Should I clear collections every fetch loop to be used in forall? PLSQL Oracle


Lets say I have a huge data(100k-1m rows) in table1 that I need to do some checking then update their status on table2 based on the filtered results. As you can see with my simplified code. I bulk collect 1000 rows per batch and filter them into 3 different collections (dsa1, dsa2, dsa3) then later forall update this 3 collections into table2.

My problem here is that lets say the first fetch gets 100 rows into dsa1, then the second fetch only gets 70 rows into dsa1. When the forall update runs it also updates the old 30 rows in dsa1 from the first fetch.

2 Solutions I think of is first, is delete all elements in collects every fetch loop. and second is to put the forall outside the fetch loop which will make the 3 collections very large but forall is only called once.

The second solution will take up a lot of memory right? please advice what is the best solutions

declare

cursor c1 is 
select t1.id, t1.status, t2.con from table1 t1, table2 t2
where t1.id = t2.id;

type ty_c1 is table of c1%rowtype;
asd1 ty_c1 := ty_c1();

type ty_id is table of c1.id%type index by pls_integer;
dsa1 ty_id;
dsa2 ty_id;
dsa3 ty_id;
begin
    open c1;
    loop
        fetch c1 bulk collect into asd1 limit 1000;
        exit when asd1.count = 0;

        for i in 1 .. asd1.count
        loop
            if (asd1(i).status = 'ACT') then
                dsa1(i).id := asd1(i).id;
            elsif (asd1(i).status = 'NOT ACT') then
                dsa2(i).id := asd1(i).id;
            else
                dsa3(i).id := asd1(i).id;
            end if;
        end loop;

        forall idx in indices of dsa1
            update table2 set con = 'ACTIVE'
            where id = dsa1(idx).id;

        forall idx in indices of dsa2
            update table2 set con = 'NOT ACTIVE'
            where id = dsa2(idx).id;

        forall idx in indices of dsa3
            update table2 set con = 'DEAD'
            where id = dsa3(idx).id;


    end loop;
    close c1;
end;

Solution

  • From a performance perspective, building the three collections and hitting the database only once will be more performant at the expense of using more memory.

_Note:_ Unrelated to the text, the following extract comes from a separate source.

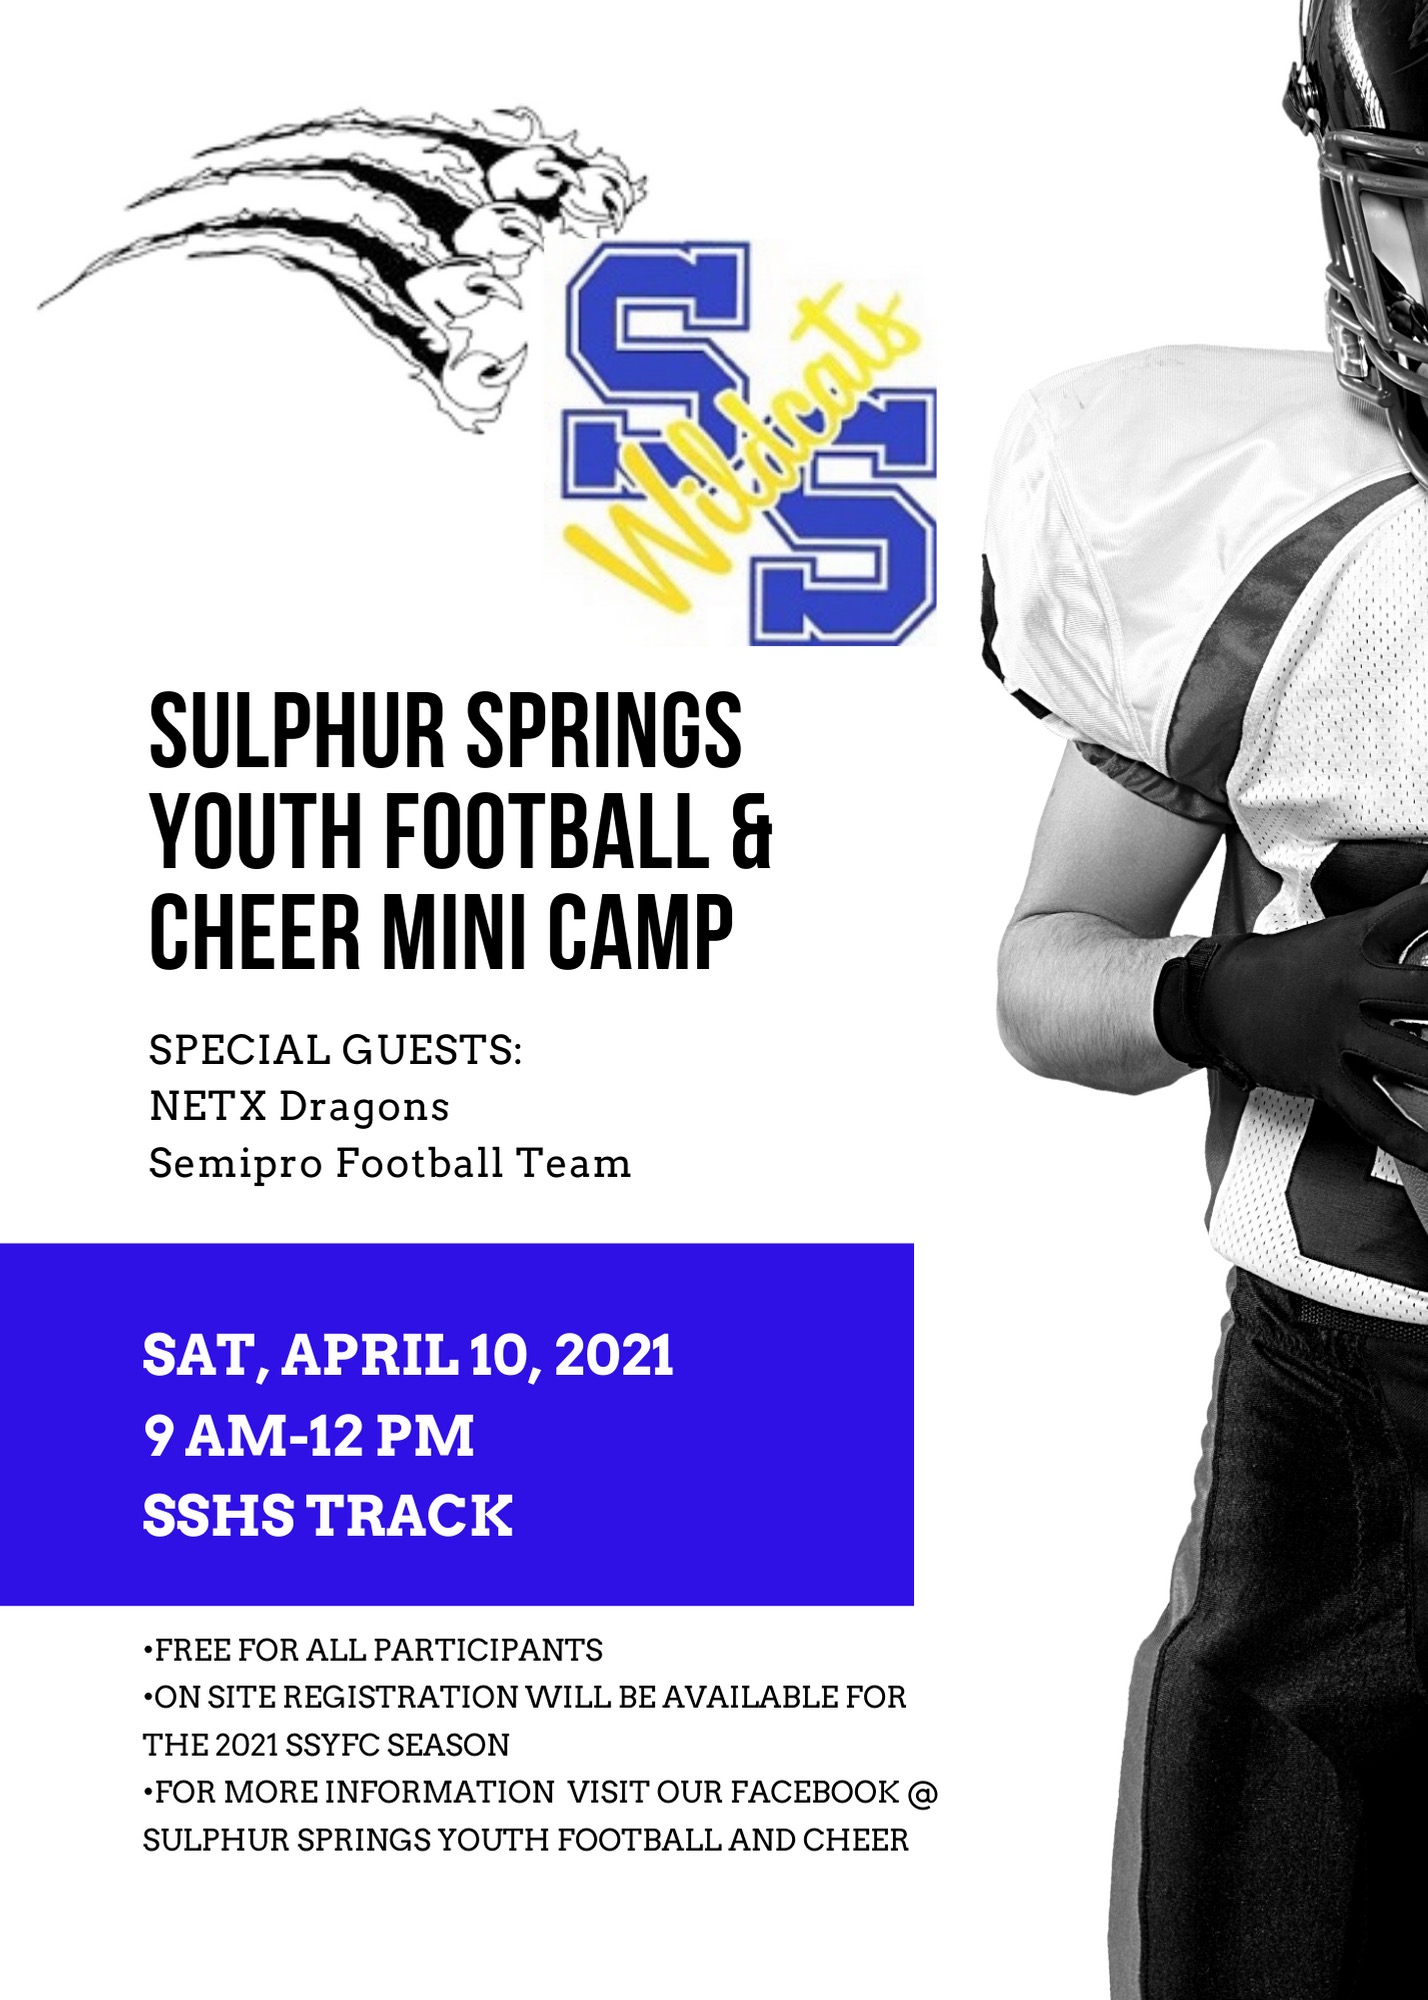 Sulphur Springs Youth Football & Cheer Holding Mini-Camp on Saturday

    So answer depends on the typical volume you will be processing and available memory.

    You can also have a fourth collection which remains empty and assign the empty collection to dsa1,dsa2 and dsa3 within the loop rather than deleting the entries.

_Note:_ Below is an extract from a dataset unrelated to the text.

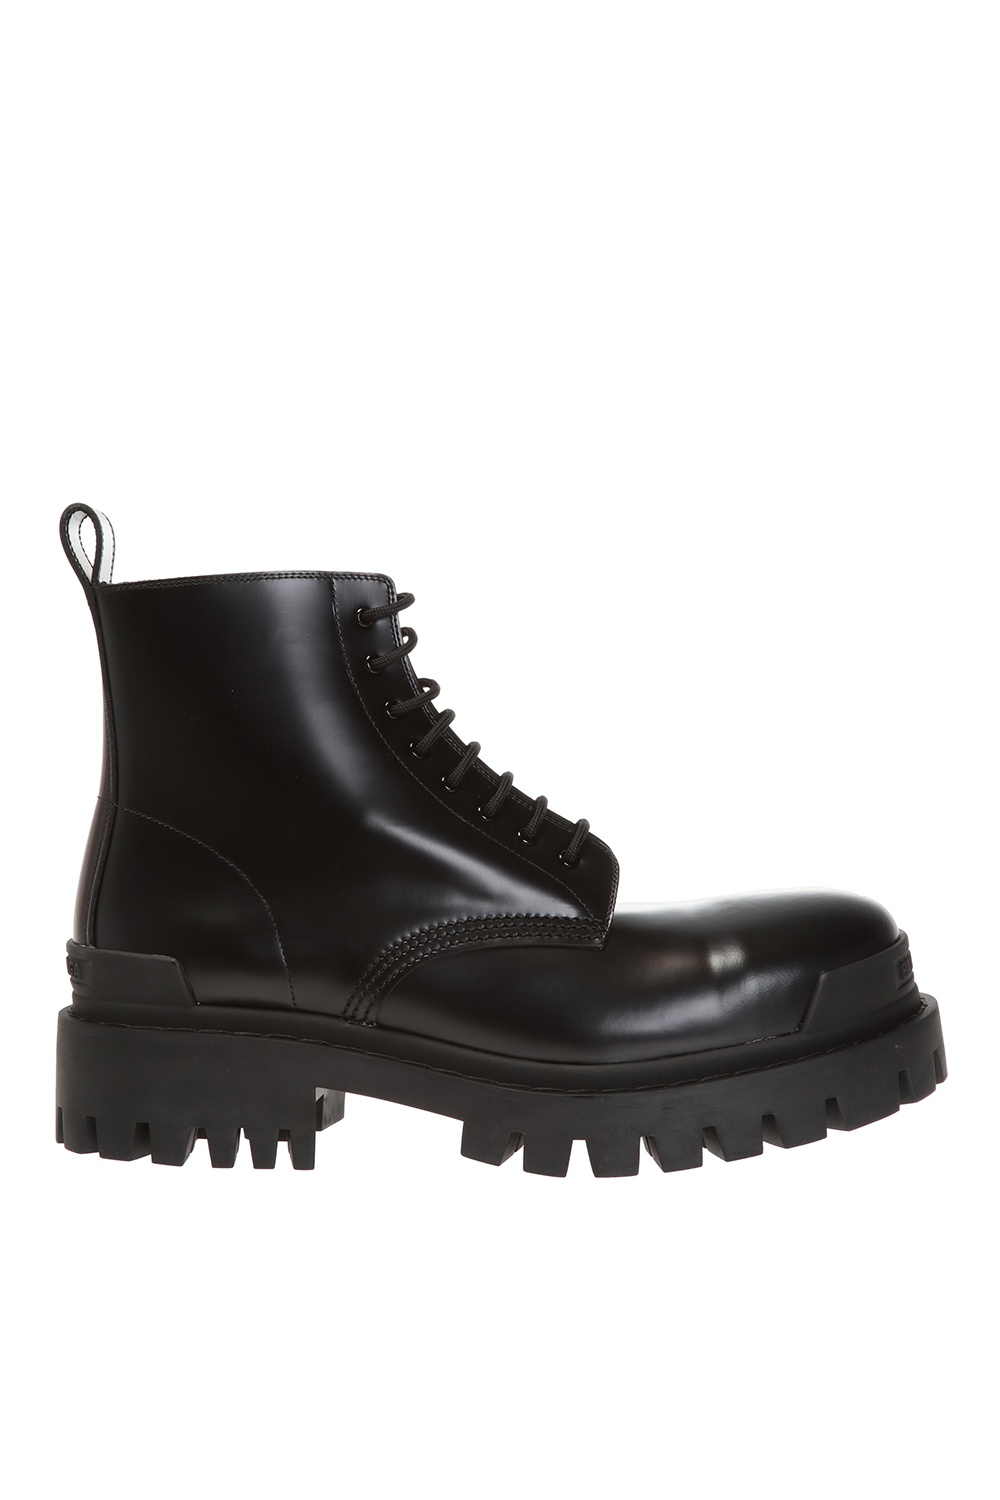 ‘Strike’ leather trapper shoes Balenciaga - Vitkac Australia

    But looking at your code, since only the status is changing, why not create a collection based on a record of item and status or have a second collection to hold status and then regardless of status, you would be updating 1000 records at a time with a single collection.

    And a step further, since 1M records is nothing for an oracle database, (billions of records are huge, a million records is trivial) just use the database to do a single update select statement

    update table2 t2
    set conn=(select decode(t1.status, 'ACT', 'ACTIVE', 'NOT ACT','NON ACTIVE','DEAD') 
    from table1 t1)
    where t2.id=t1.id
    

    NB rows in t2 that dont exist in t1 will have conn set to null but you can restrict where clauses to limit impact if this is not desired.

    you could also add a parallel hint on both the update and the select to use more CPUs and if you are able to modify the data model, using a numeric code instead of a varchar to represent the status would also be more efficient.